Titanium Recycling via MELD Metal Additive Manufacturing

The “buy-to-fly” ratio for titanium has been reported to be as high as 10 to 1 for some aerospace manufacturers, meaning that for every 10 pounds of titanium purchased, 1 pound finds its way to the finished product. The remaining material is recycled or sold as scrap. The ability to reduce this buy-to-fly ratio has created a strong aerospace interest in metal additive technologies in recent years. The ability to use recycled titanium material as a feedstock could present an attractive opportunity for these aerospace manufacturers.

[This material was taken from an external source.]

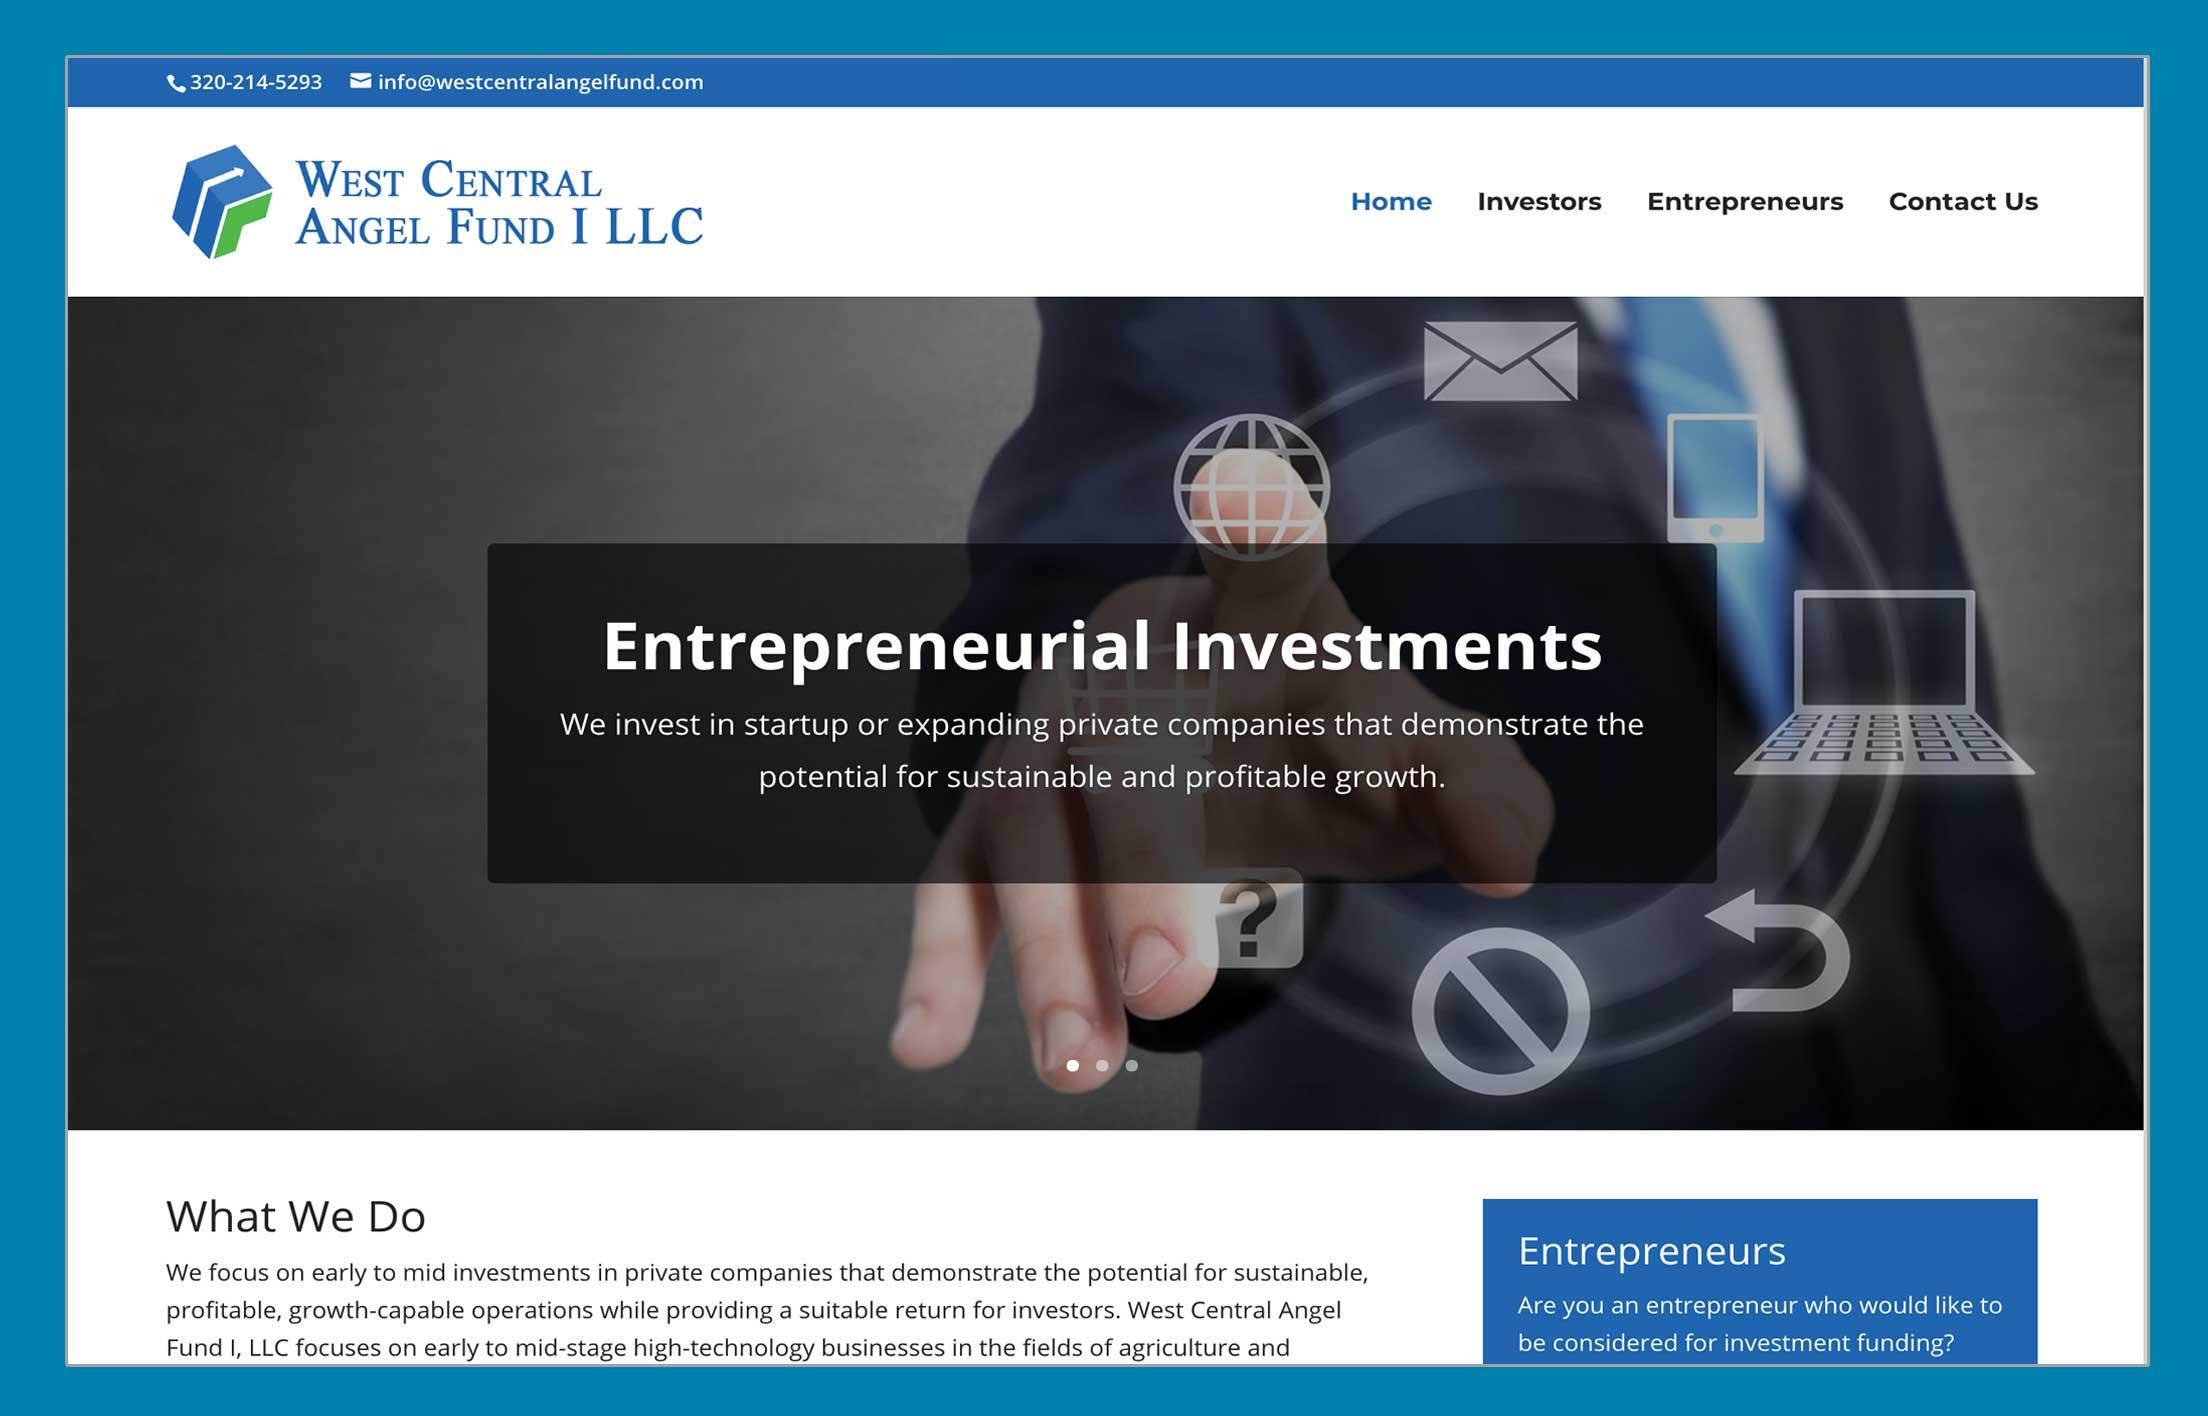 West Central Angel Fund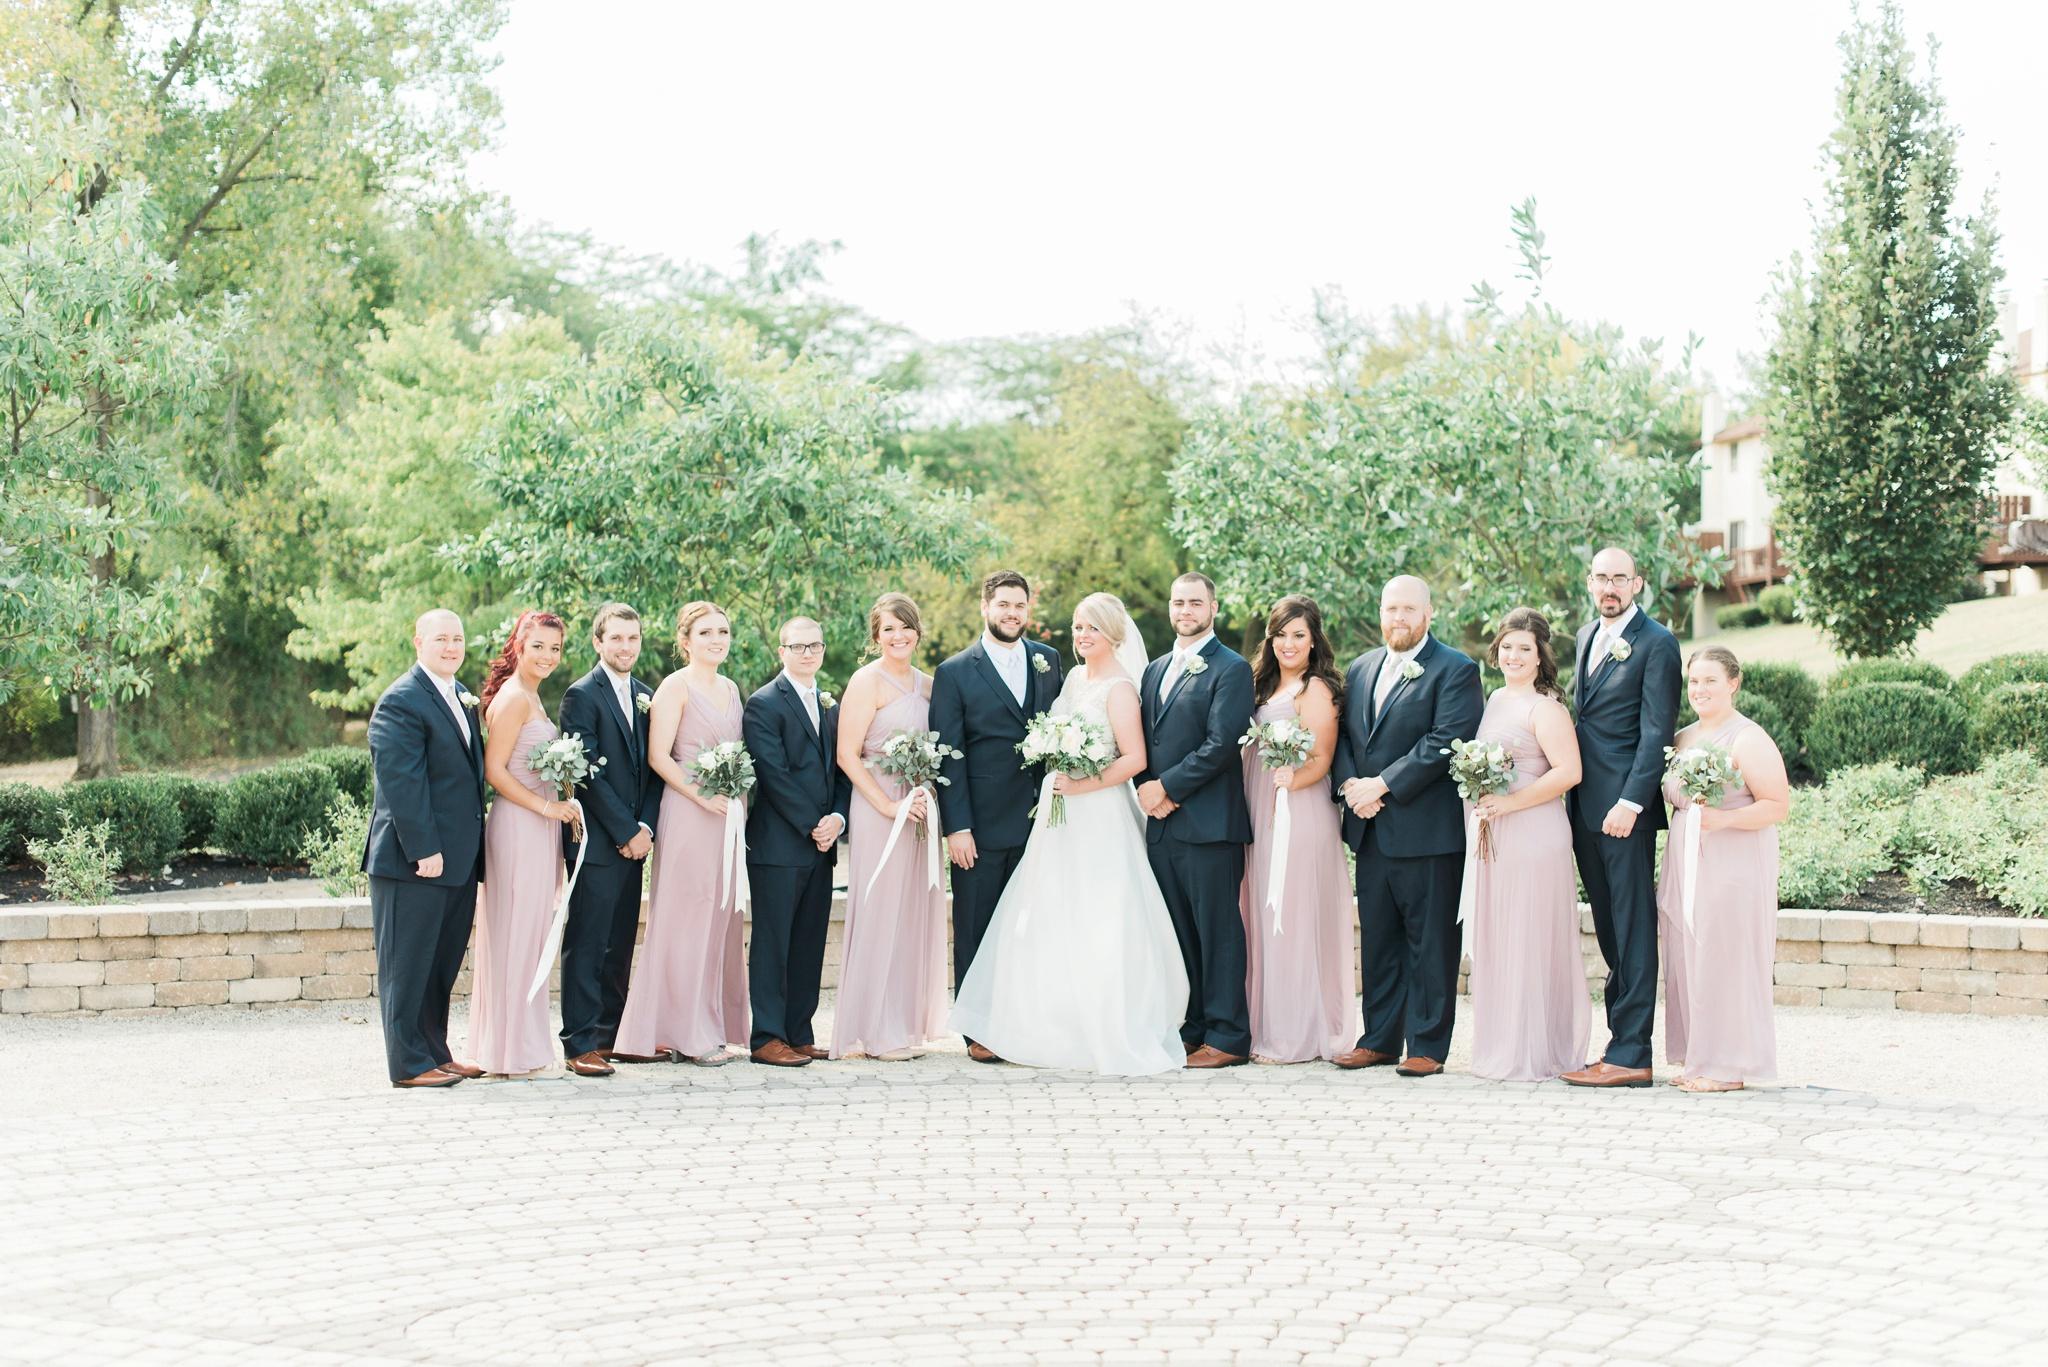 aladdin-shrine-center-wedding-grove-city-ohio-amber-jared_0058.jpg

MELD technology is a solid-state, thermo-mechanical AM process that yields fully-dense products with near wrought properties, reduced distortion, high deposition rates, and significantly faster throughput as post deposition material-processing (HIP, sintering, etc.) is not required. During the MELD process, filler material is forced to flow between the rotating MELD tool and the substrate, whereby the filler material undergoes severe plastic deformation, dynamic recrystallization, and deposition. MELD can be used for the deposition of metal, metal matrix composites (MMCs), thermoplastics, etc. Due to its additive nature, MELD can be used for coating, repair, joining, or additive manufacturing applications of both similar and dissimilar materials. MELD is differentiated from other AM technologies because it is a highly scalable, open-atmosphere process with a high deposition rate that offers flexibility with material sets and yields a near wrought microstructure on near-net-shape complex 3D structures. MELD has successfully demonstrated the use of recycled aluminum battlefield scrap as a feedstock for metal AM. In this presentation, a review of the use of recycled materials for feedstock used in the MELD process will be presented. Recent demonstrations of using recycled titanium material as feedstock will be presented as the main focus of this work, including a discussion on microstructure, chemical analysis, and mechanical properties.